RUMBLE: You are the first female to be lead principal at Tuscola High School. Is this meaningful to you?
Heather Blackmon: It is certainly an honor and very meaningful for me. Haywood County Schools has a rich tradition of great leaders, both male and female. I am just so proud to join this group, and being the “first” in any position is always a great opportunity for growth and change.
RUMBLE: This is the first time Haywood County Schools has opted to bring someone in from out of the HCS system to a principal position. Why do you think HCS chose you, now, for the position?
Blackmon: I was not aware that this was the case and would have to do some research on that one. I have an immense respect for districts that grow their leaders and promote from within, so to be the exception to this tradition is certainly an honor. I hope that my experience in high school teaching and administration in other districts will allow me to offer potential alternate resources for teachers and students.

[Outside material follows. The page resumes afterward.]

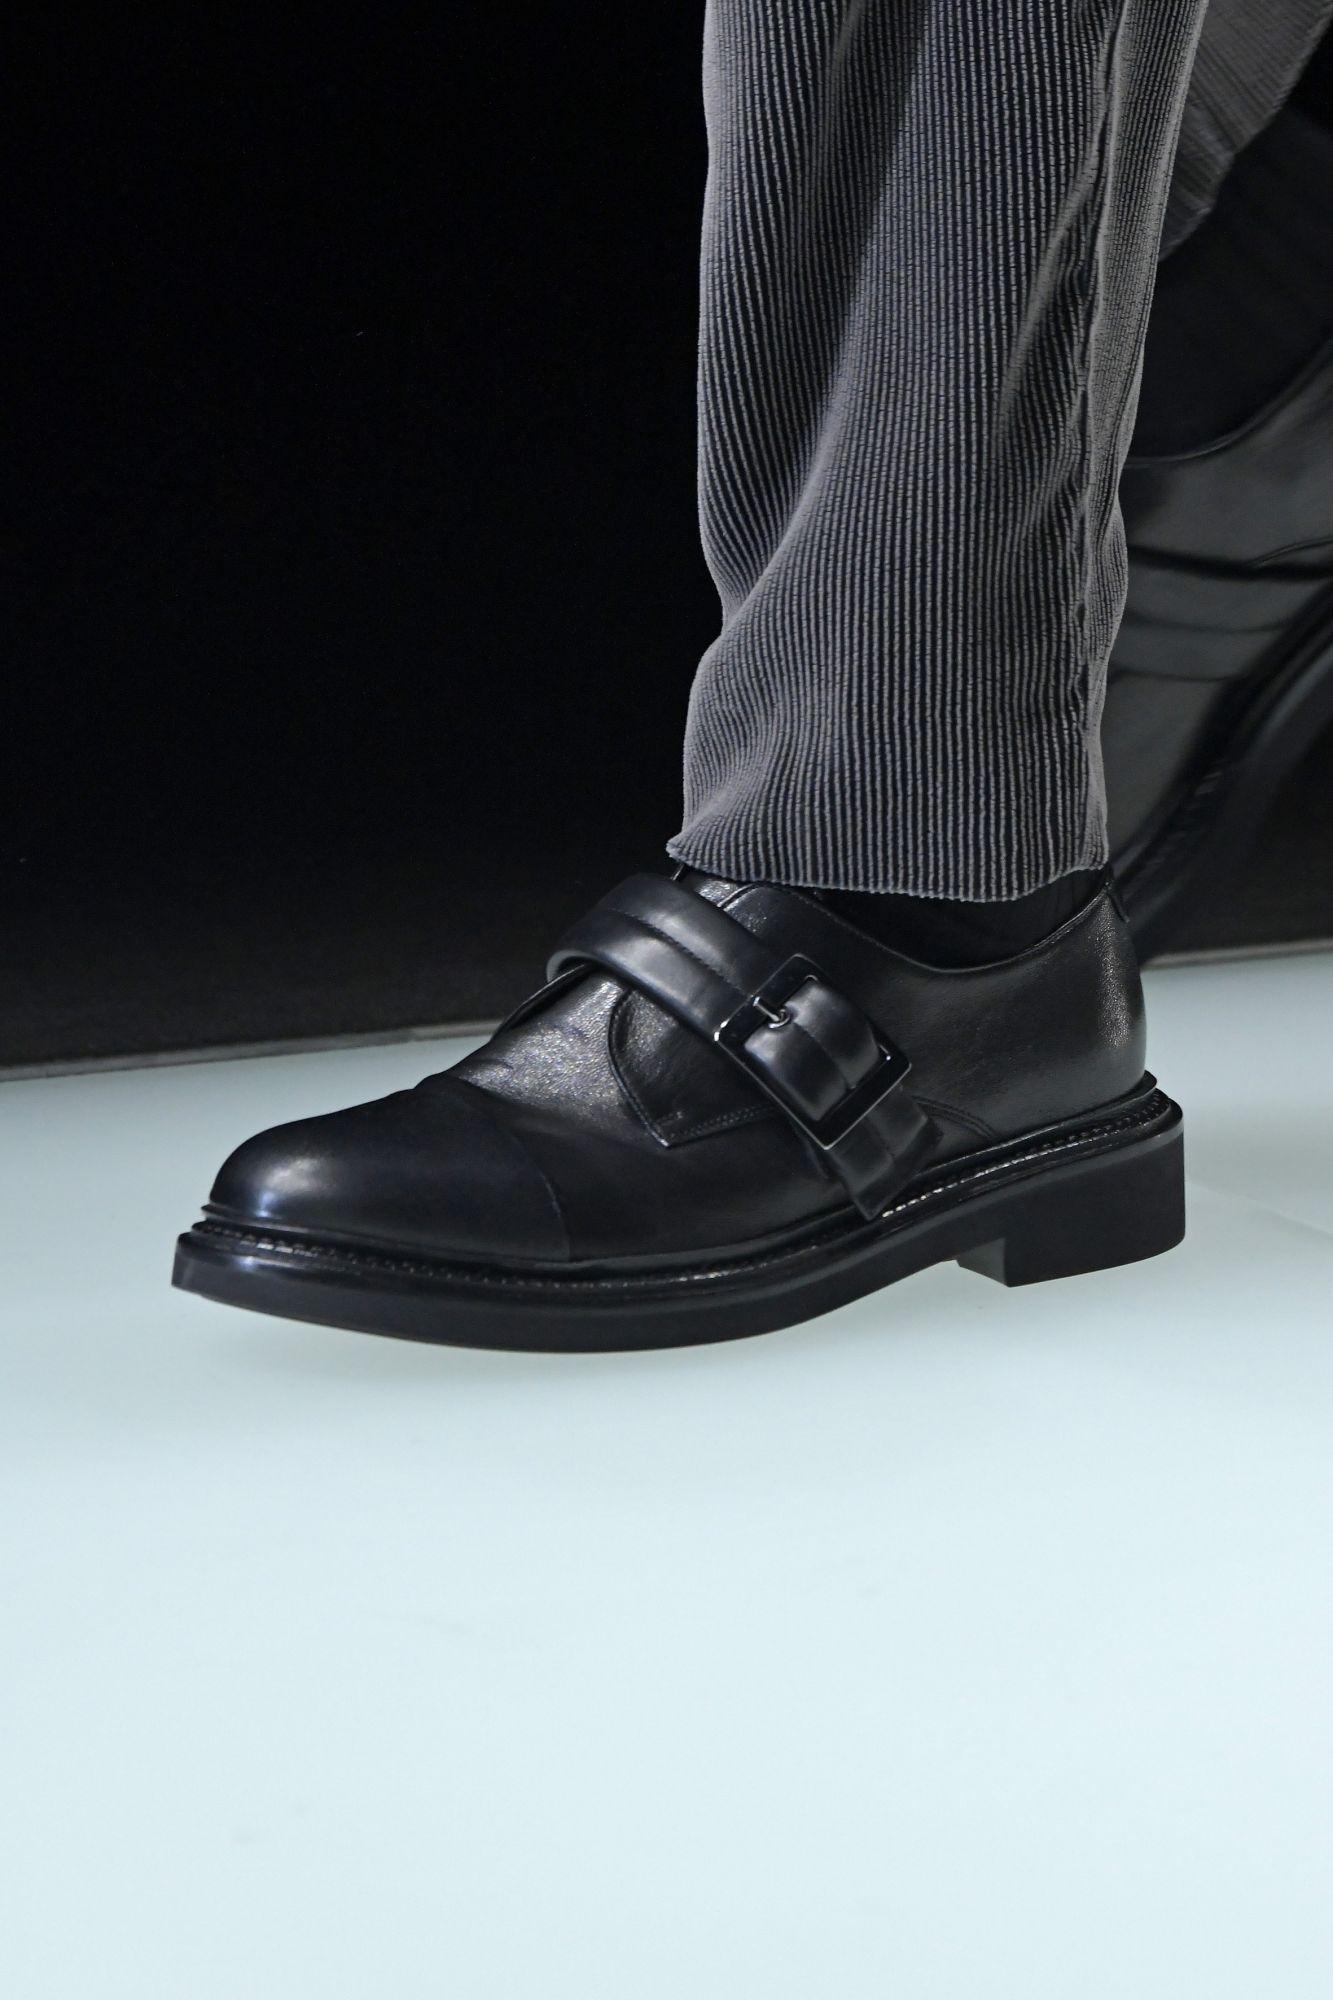 Giorgio Armani: 5 Fashion Trends You

I hope to bring potential solutions to problems and concerns that exist across the state, and utilize the connections I have made in other districts to expand possibilities for students at Tuscola. I can assure you, it is the strong staff at Tuscola that is already making me a better leader. I continue to learn more every day from the folks who work here.
RUMBLE: Why were you interested in coming here, to Haywood County? How did your career aspirations inform the move?
Blackmon: Certainly my family history was a driving factor. Having Tuscola’s stadium named for your grandfather, a grandmother who served as the librarian at Tuscola for the first several years after it was built, parents who were childhood sweethearts and graduated from WTHS (Waynesville Township High School), and spending a great deal of my young childhood here made Haywood County “home.” I also have a large extended family all around the county, so being able to reconnect with them has been fantastic. I was in a place in my career and personal life that allowed for relocation and transition. The opening at Tuscola came at the perfect time. To be honest, I was happy just to be asked to interview for the position. To have the opportunity to potentially spend the rest of my career here has allowed me to truly “live the dream” that everyone deserves, but few get the chance. I intend to enjoy every day of it.
RUMBLE: Leading a school during a pandemic seems like a daunting task. You have not only this to deal with, but it is also your first year at Tuscola. How are you coping with all of that? What are some of your strategies for being successful in these endeavors?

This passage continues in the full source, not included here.